Given that urban impervious surface extraction is pixel-wise tasks and that there are only two segmentation categories for urban impervious surface extraction, this study uses the commonly used binary cross entropy as the loss to optimize the model. The binary cross entropy can be calculated using the following formula: (10) LBCE=1N[yilog(pi)+(1yi)log(1pi)](10) where N represents the number of samples, yi and pi respectively correspond to the label of the i-th sample and the probability that the i-th sample is predicted to be positive calss. In this study, impervious surface is regarded as the positive class and pervious surface is regarded as the negative class.

3.6. Training details

All experiments in this study are conducted on a 64-bit Ubuntu 16.04 operating system equipped with a 11GB RAM NVIDIA GeForce RTX 2080TI graphics card. The code is run based on the Pytorch deep learning framework.

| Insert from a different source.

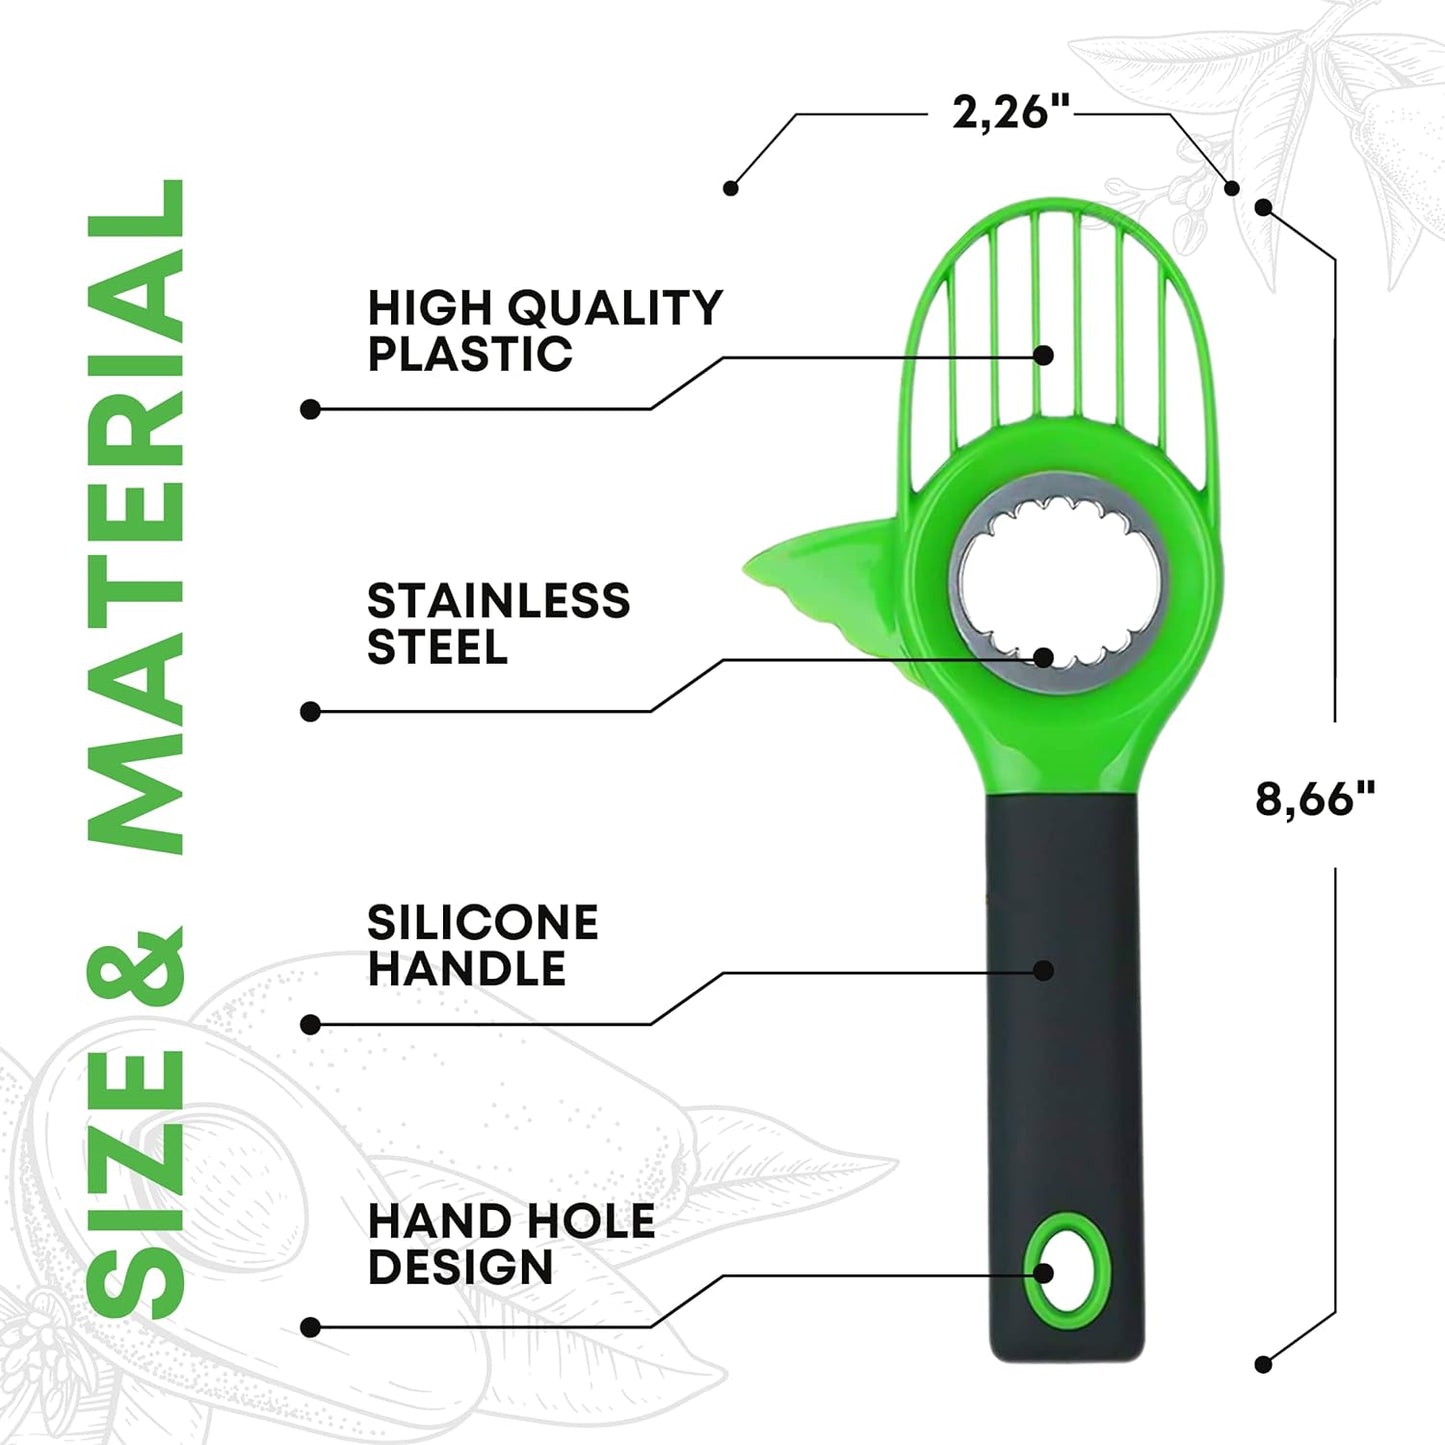 3 in 1 Avocado Slicing Tool – Avocado Cutter with Grip Handle for Fruit and Vegetables Avocado Slicer Splitter Pitter and Cutter with Comfort Handle Avocado Knife Tool for Kitchen Food Vegetable

To ensure fairness in comparison, we use the same parameters and strategies for training in each set of experiments, with a batch size of 32, an initial learning rate of 0.0001, and an epoch number of 400. This study employs the poly learning rate technique to dynamically adjust the learning rate throughout the model training in order to improve training outcomes. Additionally, the model optimizes the object loss function through the Adam optimizer, and combines the backward propagation algorithm to update and calculate model parameters. Furthermore, data augmentation is applied to the training set in order to mitigate overfitting and improve the model’s robustness. On the test and validation set, however, there is no requirement for more data. The data augmentation used in this study includes flipping, random rotation, and Gaussian blur.

4. Results

This section primarily carries out experimental verification based on the dataset created for impervious surfaces in this study to evaluate the performance of the proposed CMFFNet. We first provide detailed information about the experimental setup, including comparison methods and accuracy evaluation indicators of impervious surface extraction. The proposed CMFFNet is then contrasted with other mainstream deep learning methods.

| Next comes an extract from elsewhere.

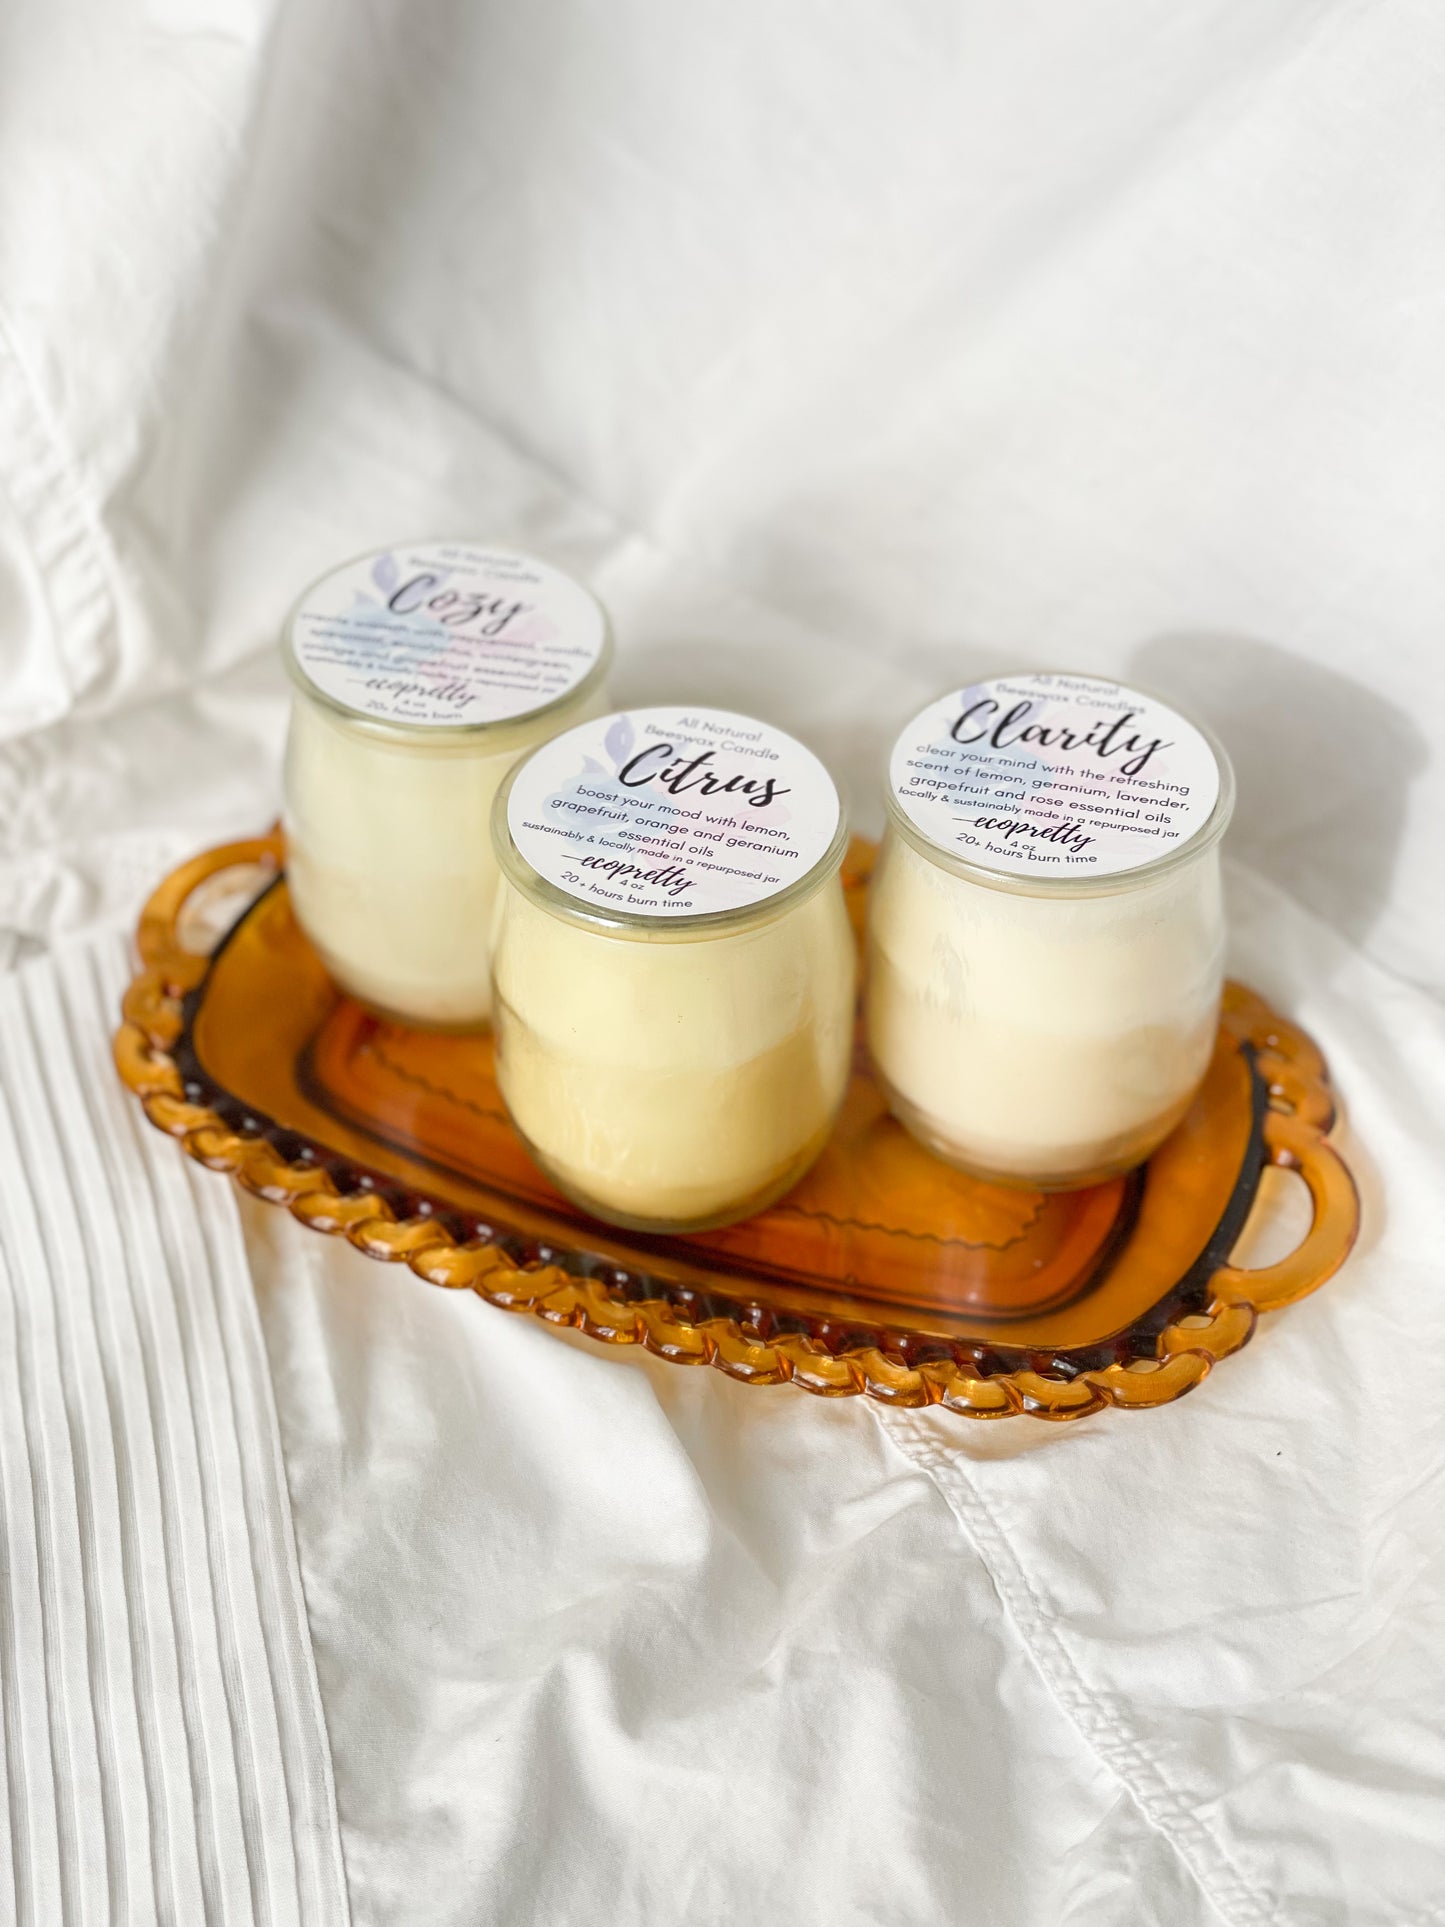 Cozy Scented Citrus Vanilla Mint Natural Scented 100% Beeswax Candle - 4oz

4.1. Comparative methods and evaluation metrics

To evaluate the effectiveness of the proposed CMFFNet in impervious surface extraction, we perform several experiments on our dataset using a number of mainstream segmentation deep learning models as comparison techniques. These comparison techniques, which have all been retrained using our dataset, consist of Deeplabv3+ (Chen et al. Citation2018), HRNet (Sun et al. Citation2019), PSPNet (Zhao et al. Citation2017), BiSeNetV2 (Yu et al. Citation2021) and FCN (Long, Shelhamer, and Darrell Citation2015).

Six impervious surface evaluation metrics are also employed to quantify the effectiveness of our proposed method. These metrics specifically include overall accuracy (OA), Kappa coefficient, mean intersection over union (mIoU), category IoU, producer’s accuracy (PA), and user’s accuracy (UA).

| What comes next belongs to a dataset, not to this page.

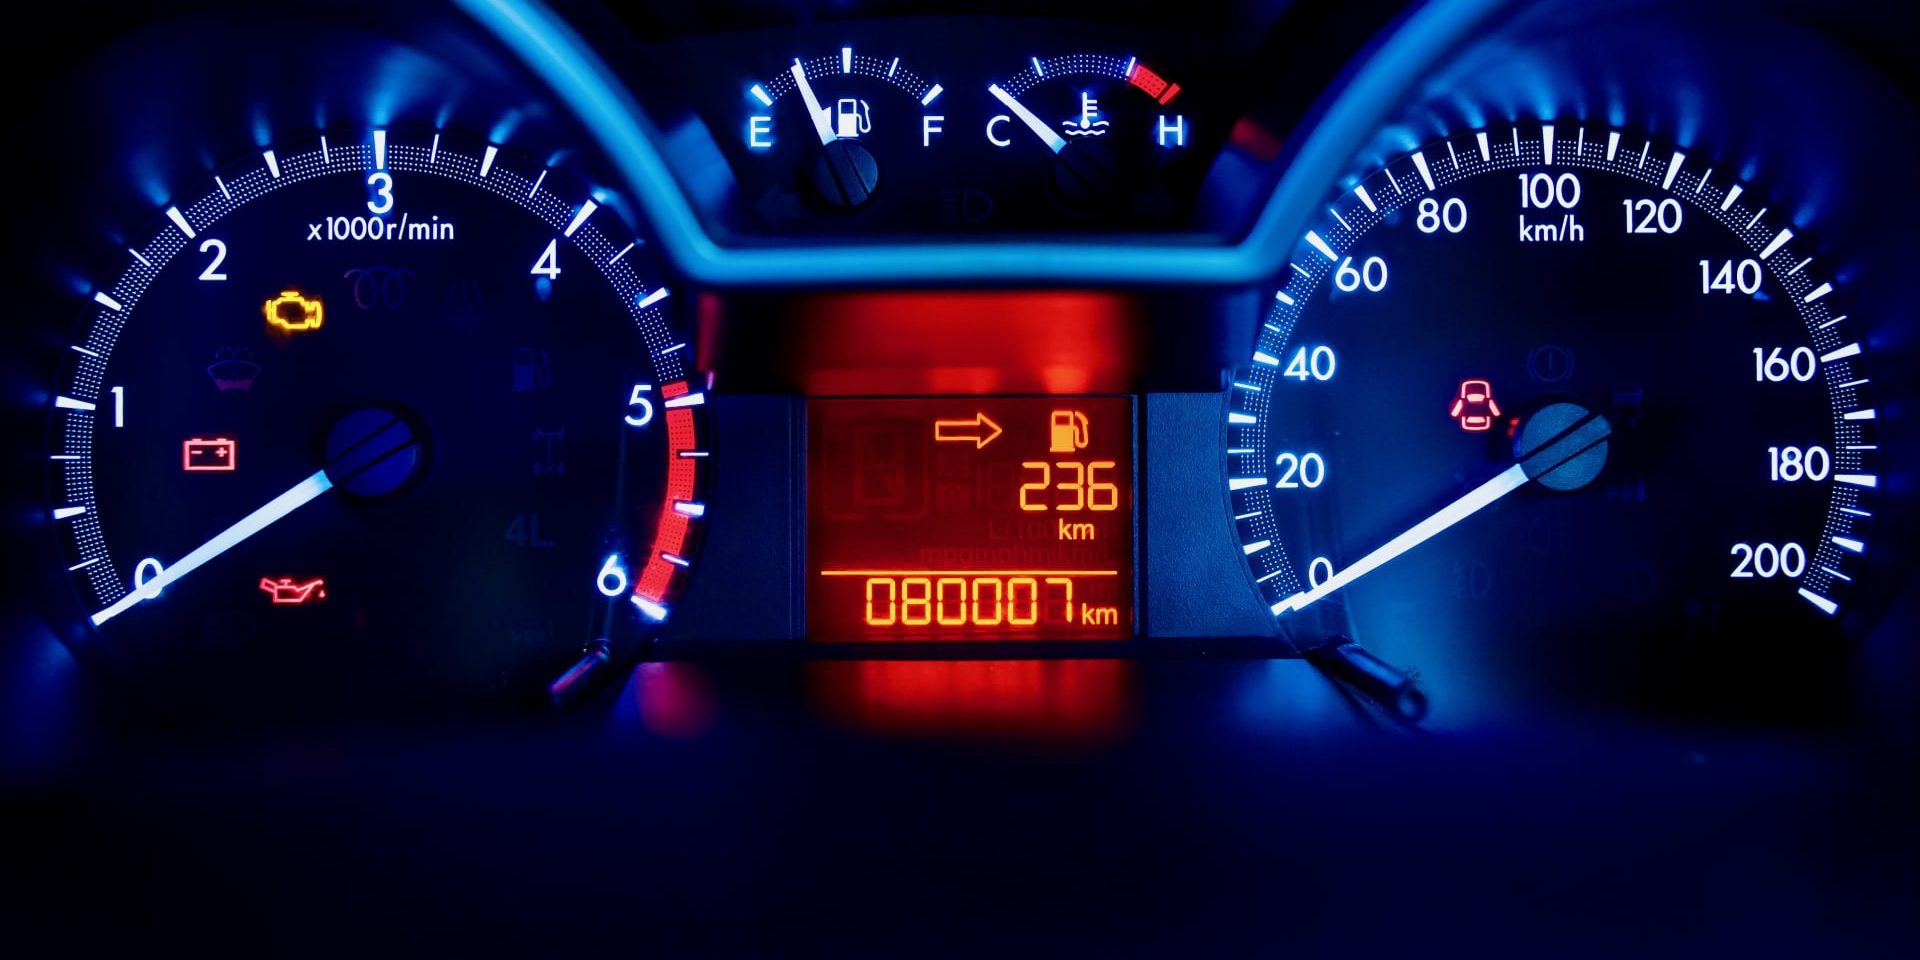 South Australian Government cracks down on dodgy car dealers, odometer tampering

4.2. Results of impervious surface extraction

In this study, we propose an impervious surface extraction model that fuses optical-SAR images cross-modal features. To better illustrate the necessity and effectiveness of fusing optical-SAR images features, some comparative experiments are conducted on the proposed model and the selected comparison methods based on different modal data inputs. Data of different modal include single SAR data, single optical data, and multi-modal data formed by layer stacking optical-SAR images.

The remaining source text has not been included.